3 Numerical Experiments on Differential Operator

In this section, we study some concrete examples and demonstrate that, in spite of the results obtained in the previous section, practical calculation of the c-numerical range is very far from being straightforward. We shall show that the discretization techniques may often yield misleading results, and that a good knowledge of existing analytical estimates of q-numerical range is often needed to understand the results.
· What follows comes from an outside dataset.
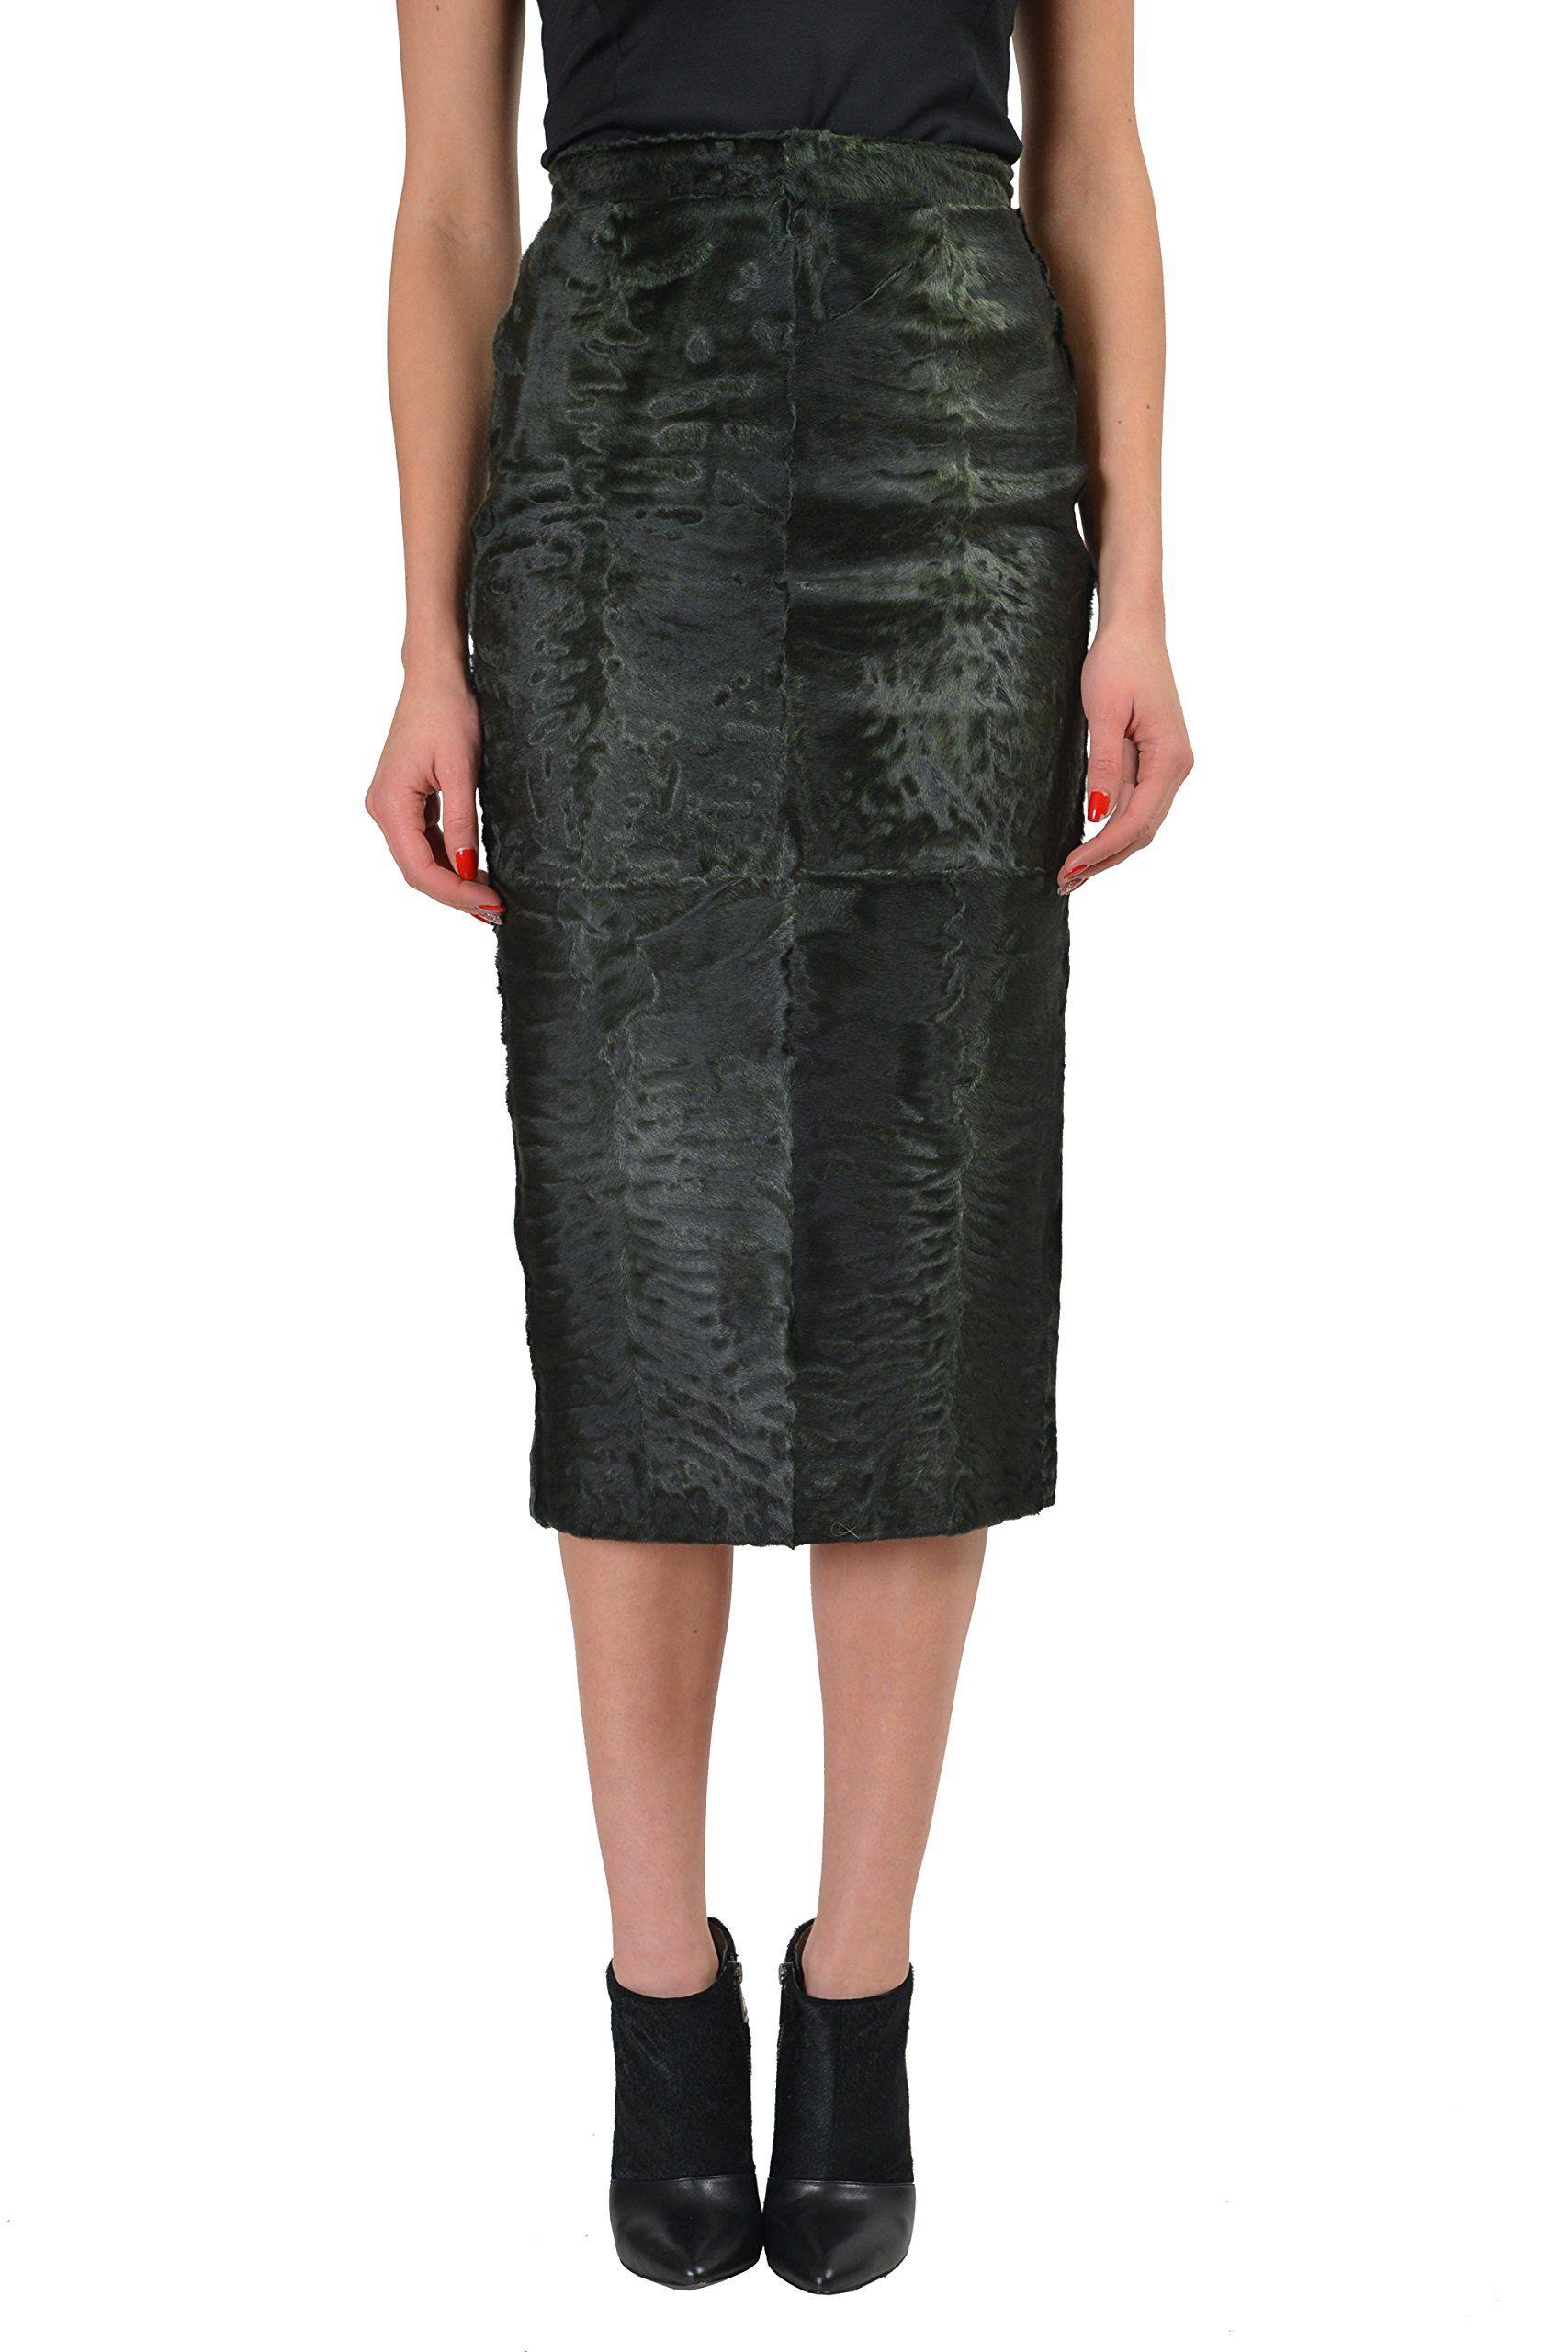 Dsquared karacul gray womenus pencil skirt us s it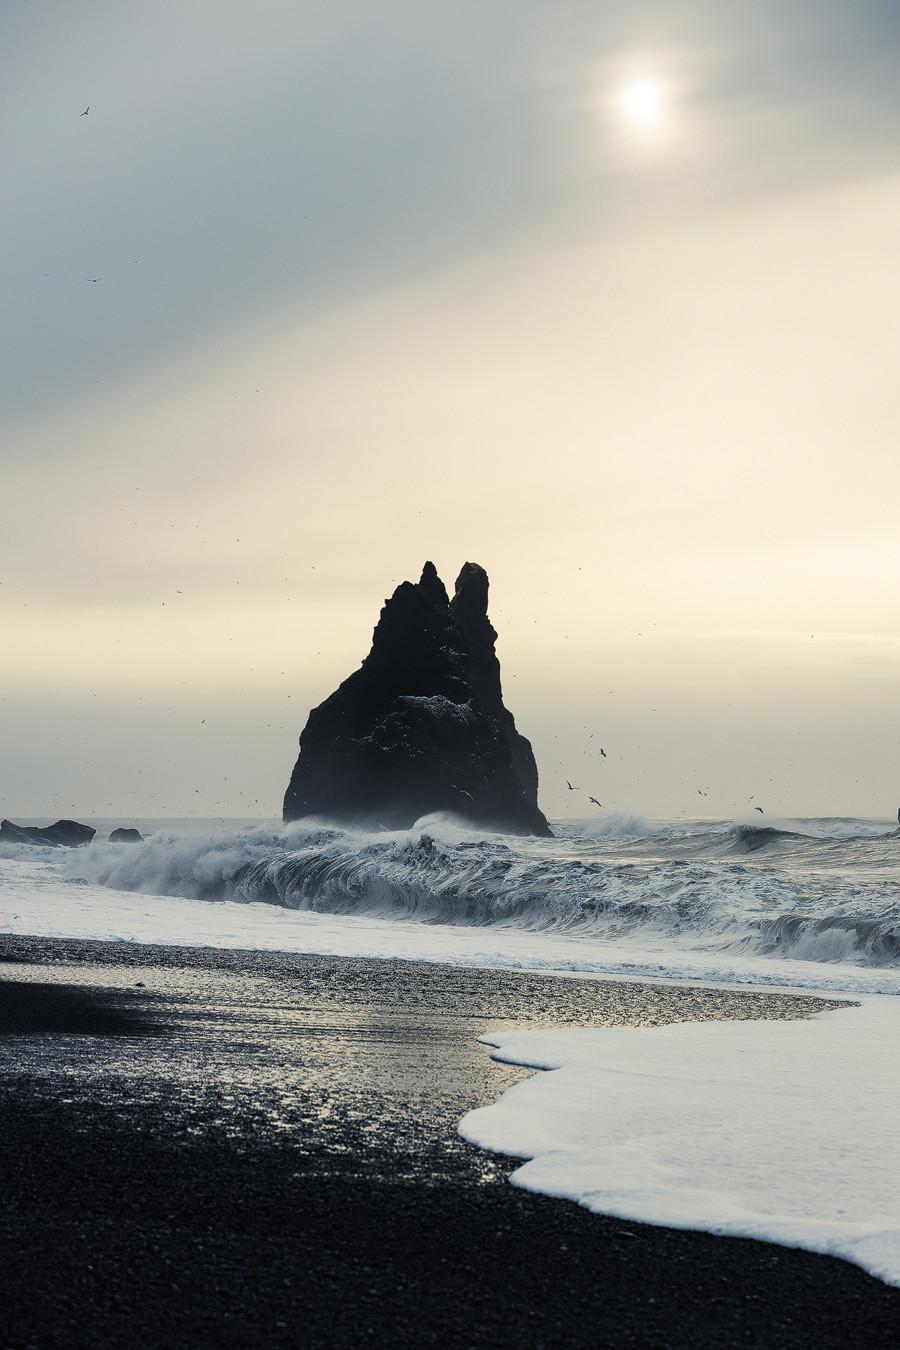 Abertausende Möwen genießen um die Felsen spielend die zarte Morgensonne. Fotostory Island, Strand Vík.

The computations were performed in MATLAB.

3.1 Example 1

Assume that \(w\,:[0,1]\, \rightarrow [0,\infty ),\;{\widetilde{w}}\,:[0,1]\, \rightarrow [0,\infty ),\) and \(z\,:[0,1]\, \rightarrow {\mathbb {C}}\) are such that \(w(x)=1,\;{\widetilde{w}}(x)=1,\)
$$\begin{aligned} z(x)=18\mathrm{{e}}^{2\pi i x}-20, \end{aligned}$$
for each \(x \in [0,1]\).
We introduce the differential expression:
$$\begin{aligned} \tau _{{\widetilde{A}}}:= -\frac{\mathrm{{d}}^{2}}{\mathrm{{d}}x^{2}}, \,\,\, \tau _{{\widetilde{B}}}:=w(x), \,\,\, \tau _{{\widetilde{C}}}:={\widetilde{w}}(x),\,\,\, \tau _{{\widetilde{D}}}:=z(x). \end{aligned}$$
(3.1)
Let \(L,\,B,\,C,\,D\) be the operators in the Hilbert space \(L^{2}(0,1)\) induced by thedifferential expressions \(\tau _{{\widetilde{A}}},\,\tau _{{\widetilde{B}}},\,\tau _{{\widetilde{C}}},\,\tau _{{\widetilde{D}}}\) with domain:
$$\begin{aligned} {\mathcal {D}}(L):= H^{2}(0,1)\cap H_0^1(0,1),\;\;\;{\mathcal {D}}(B)={\mathcal {D}}(C)={\mathcal {D}}(D):= L^2(0,1). \end{aligned}$$
In the Hilbert space \(L^{2}_{2}(0,1):= L^{2}(0,1)\oplus L^{2}(0,1),\) we introduce the matrix differential operator:
$$\begin{aligned} {\mathcal {A}}=\left( \begin{array}{cc} L&{} B\\ C &{}D \end{array} \right) =\left( \begin{array}{ll} -\frac{\mathrm{{d}}^{2}}{\mathrm{{d}}x^{2}} &{} w(x)\\ {\widetilde{w}}(x) &{}z(x) \end{array} \right) , \end{aligned}$$
(3.2)
on the domain
$$\begin{aligned} {\mathcal {D}}(A):=\left\{ {\left( \begin{array} {l} y_{1} \\ y_{2} \end{array}\right) }: y_{1}\in H^2(0,1):\,y_{1}(0)=0=y_{1}(1)\,\, \text{ and }\,\, y_{2}\in L_2(0,1) \right\} . \end{aligned}$$
The finite difference approximation to the Hain–Lüst operator is the \(2(N-1)\times 2(N-1)\) matrix \({\mathbb {A}}_{N}\) given in Eq. (2.8).
Figure 1 show the attempts to compute approximations to the c-numerical range of the Hain–Lüst operator using matrices (2.8) for different values of \(\mathbf{c }=(1,0,\dots ,0)\) and \(\tilde{\mathbf{c }}:=\mathbf{c }=(1.1,0,\dots ,-0.1)\) with \(N=25.\)
Fig. 1

The c-numerical range of \(W_{\mathbf{c }}({\mathbb {A}}_{25})\)   and  \(W_{\tilde{\mathbf{c }}}({\mathbb {A}}_{25})\)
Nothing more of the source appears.